ZOMBIE THREAD ALERT: This thread hasn't been posted on for a while.
to not understand why football has become so non-competitive for kids?(62 Posts)
The Football Association has made it for the 2013/14 season U9s cannot play in competitive leagues - they play a match against another team, no record of the score can be made, but you still have the hassle of travelling for home and away games, where on earth is the incentive in playing something that no one can win?
In 2014/15 U10s and under will be non-competitive
In 2015/16 U11s and under will be non-competitive
In 2016/17 U12s and under will be non-competitive
AIBU to think this is ridiculous for a sport? These kids are going to get to 18 never having played in a competitive match.
I joined a rowing club a few years ago. It was all about winning races - whereas I was just happy to be on the water learning to row and having a good time.
There are people who just want to do a sport or activity without having to be all competitive about it.
The attitude of the coach was to shout a lot and to try to encourage me to go faster.
I don't respond well to that
kim tell me more about rowing club. I fancy being able to go where I want to go in a rowing boat instead of going round in circles. But I want to go slowly. If I want to go anywhere in a hurry I get a motorised thing.
It's great. Just like you see in the Olympics. But the club's all about winning and was so competitive.
I just like rowing along, looking at the scenery. Maybe I'm not a good team player.
I want to row in one of those lovely (or not so lovely) wooden rowing boats (failing that anything would do), and I want to row on my own. And I don't want to row like there's a shark chasing me. There doesn't seem to be anything like that. Perhaps I'll have to look for a private instructor!? Are you still rowing?
Sorry for hijack . I'll get into the spirit of the thread and put in my 2p's worth (though have not read entire thread):
If you play a competitive game you play to win. If you kick a ball around with friends you kick a ball around with friends. If you win you win. If you lose you lose. No crowing. No whining. Those are my rules for the DC. As for me, I detest team sports. It's ALL ABOUT ME. ME.
I do sailing now. Just potter round in the club boat enjoying the sunshine. I'll occasionally do races but it's nice just sailing around the bay.

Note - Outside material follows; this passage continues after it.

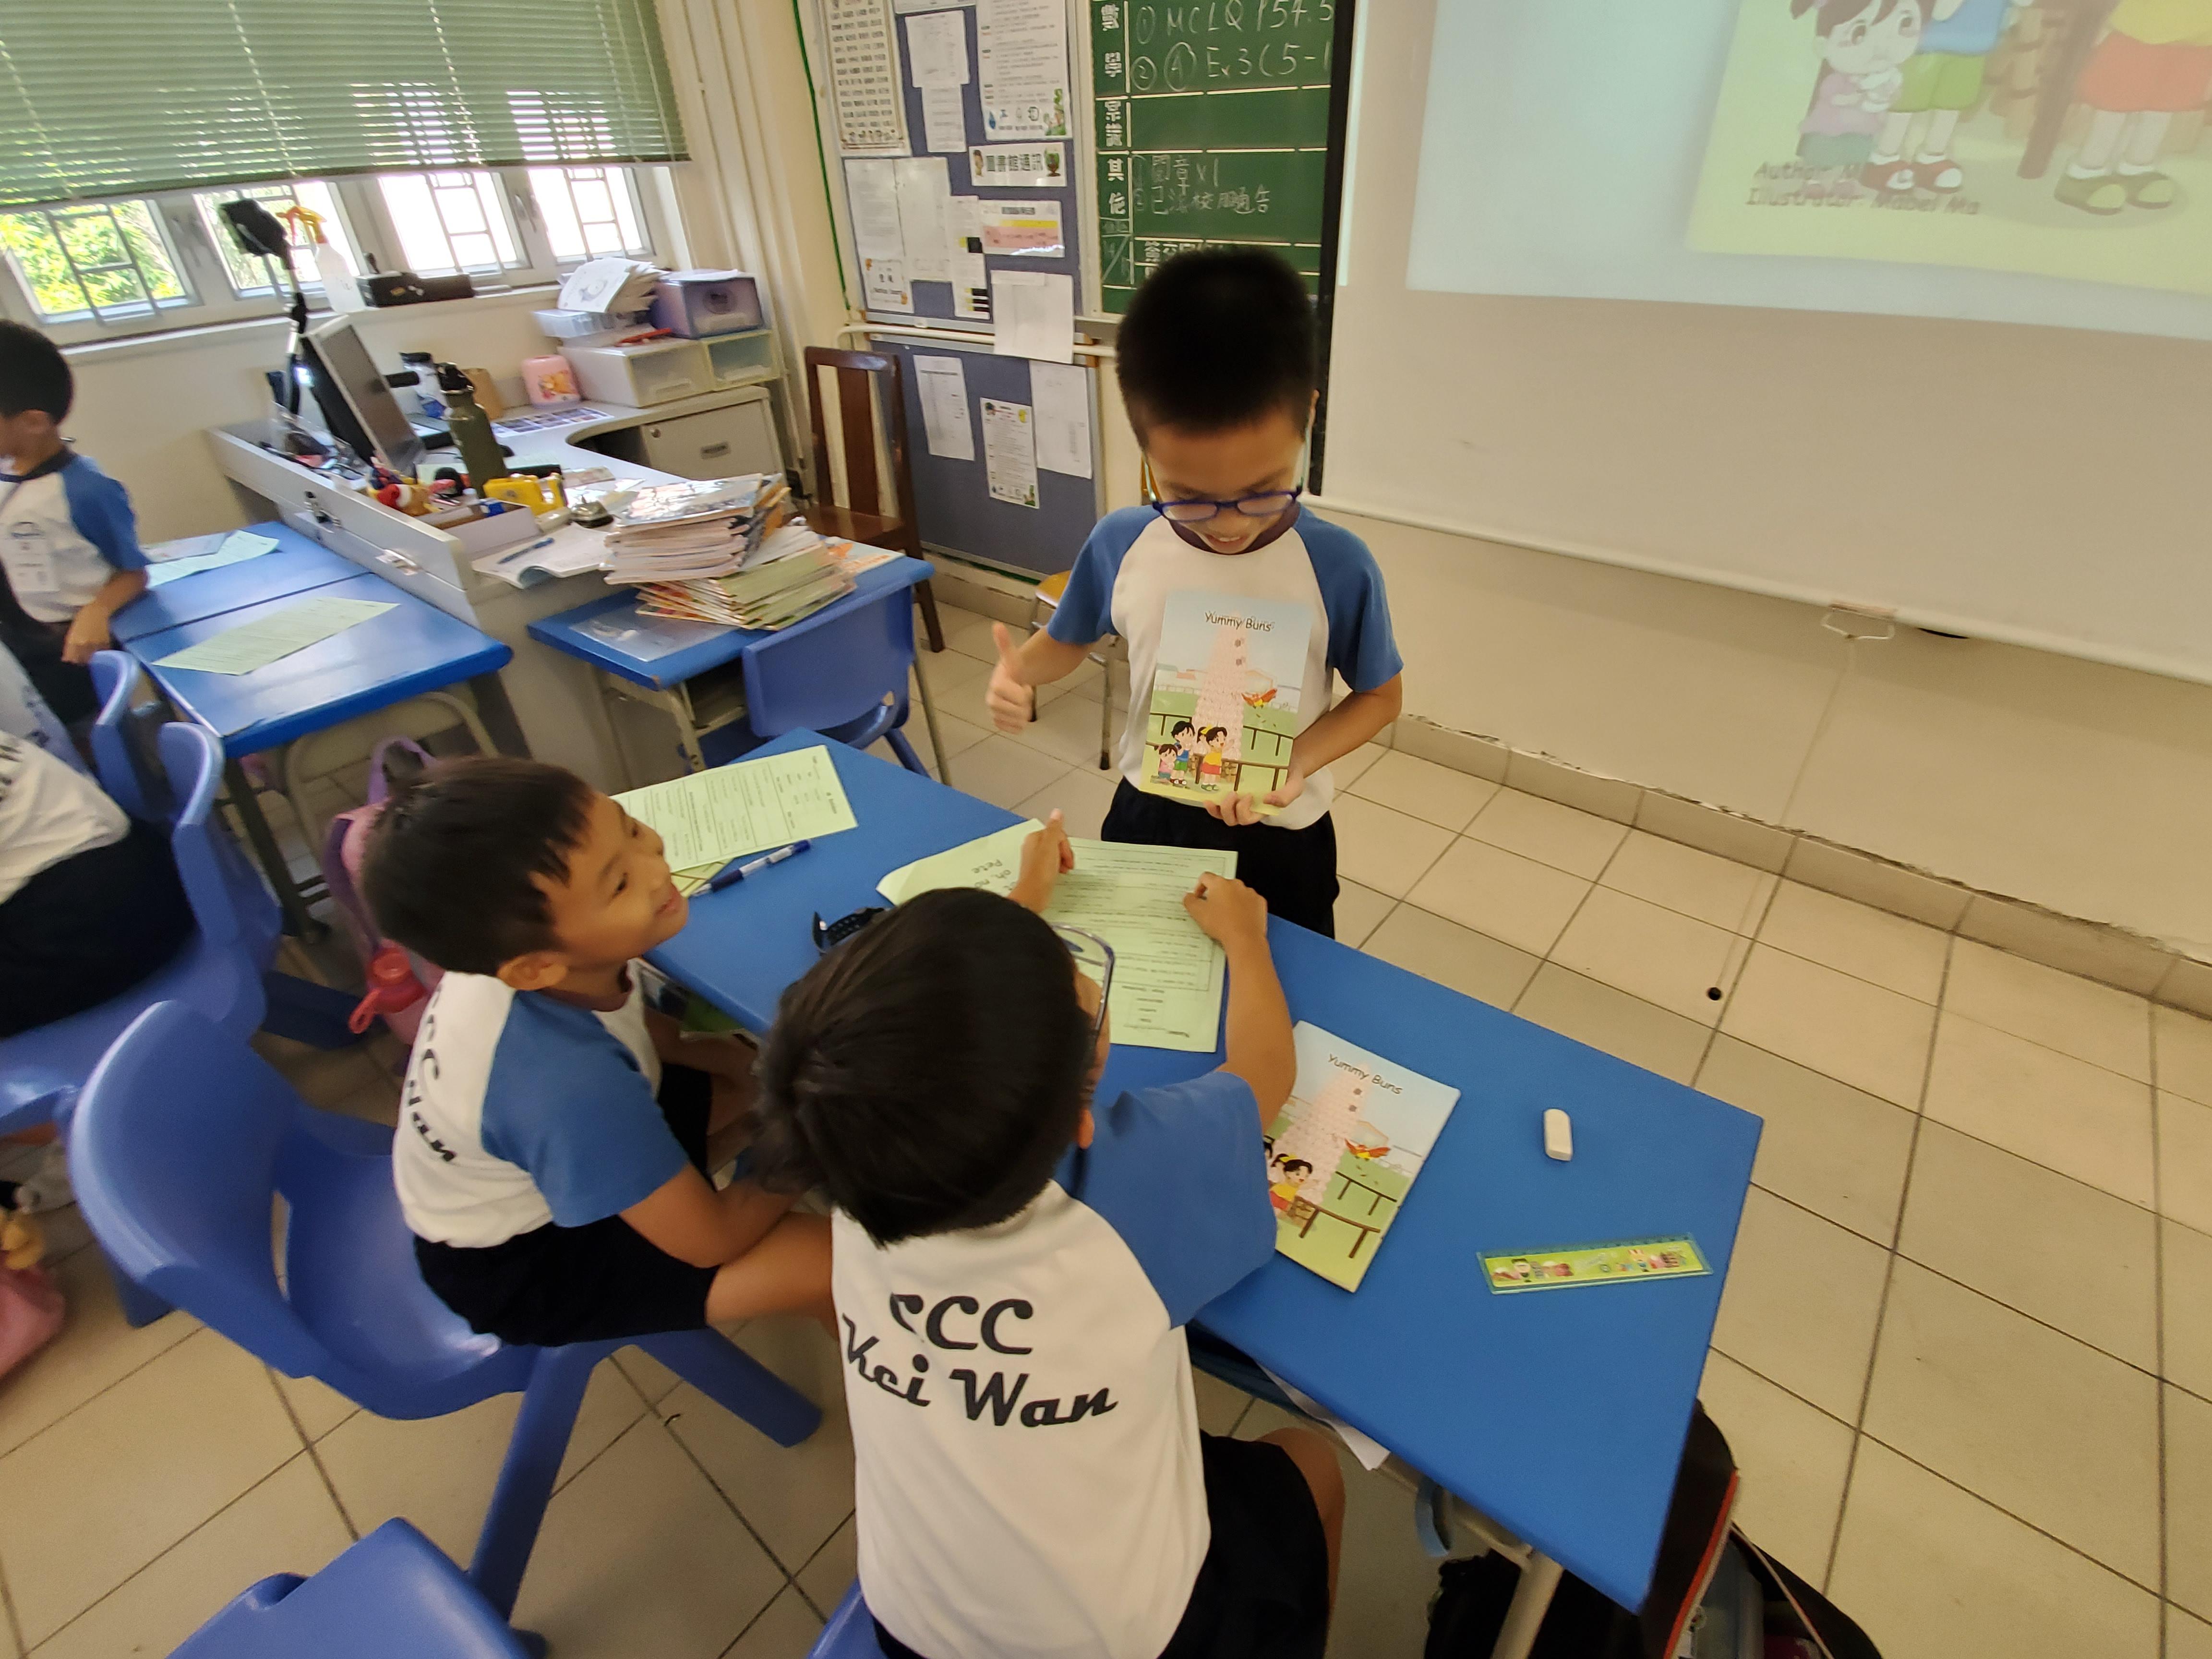 http://www.keiwan.edu.hk/sites/default/files/42_1.jpg

Sounds good kim. I should get my act together and sort something out (after I sort out the scared-to-fall-in-water-of-unknown-depth business ).
To add to what i bsaid above, DS had weekly games against other academies.
Each game was 'competitive', in the sense that the boys wanted to win. HOWEVER, the coaching during and around the game was not about 'how to win against this team'. It was about 'how to put our technical skills into practice in the most effective way. Feedback woiuld be on e.g. specific passes, specific moves, specific passages of play and possible alternative courses of actions or skills, not on 'well, that got us a goal so it was OK'. Also, each game was in quarters, with lots of substituting for each quarter and even within each quarter. However effective a player was, they did not expect to play the whole game. They expected to play a biut, get feedback from the coach about their play, maybe work a little with an assistant coach on something they were finding hard, then be put back into the game again. As well as the score, notes were taken of e.g. how many passes a player did - while the boys did like 'winning' each quarter (or losing by less each time) they were praised for all those other aspects of their game as well.
What a load of old cack! Teaching kids that everything is sunshine and rainbows and no one's feelings are ever hurt, no one ever fails or loses is leaving them severely unprepared for the real world!
I remember when my little brother played football, he never got upset when he lost! He just practised loads with my dad in the garden to get better and win next time! what is going to motivate them to improve?!
Kids don't HAVE to play football, they choose to! If they can't handle losing and get upset then they can quit and try something else. There were lots of girls at my dance school who chose not to compete but went to the classes for fun, can't kids just attend the training to learn how to play but not attend matches if they don't want to?
and you've completely missed what people are saying. these new measures are to improve the standard of play and hopefully build more rounded better players and it seems to be working for other countries that put concentrating on skills etc above winning a match on a sunday for 8 yr olds
Ok based on the arguments for this new implementation I will go into this season with a more open-mind ready to brace the situation.
But and it's a big BUT I reserve the right to revert it's a stupid idea on a freezing cold February morning when I have no idea who's winning or losing and the kids are not full of the internal drive!!!
I agree with the new rules. DS is a football ref and the abuse from the sideline (which the players of whatever age copy) is abhorrent. This is the kind of thing, together with the development of skills, that it is trying to promote. The academies do not allow parents to make comments of any kind on the sidelines. They are trying to bring on the players, not have all drive, etc, shouted out of them by the behaviour of some spectators.
The DC will be trying just as hard, except it will be in a different way. They will be trying to show their coach (who also has to have a different mindset now) how skilful they are, even if the result is not a goal. That is what is meant to be praised now, not the "win at all costs" mentality. You hear parents of very young (8yos and younger, even) telling their DC to bring the best player on the other team down. This is part of the reason why we have not won a world cup for over 40 years. We simply do not have the skills. We have the brawn, not the brain. That will only take you so far.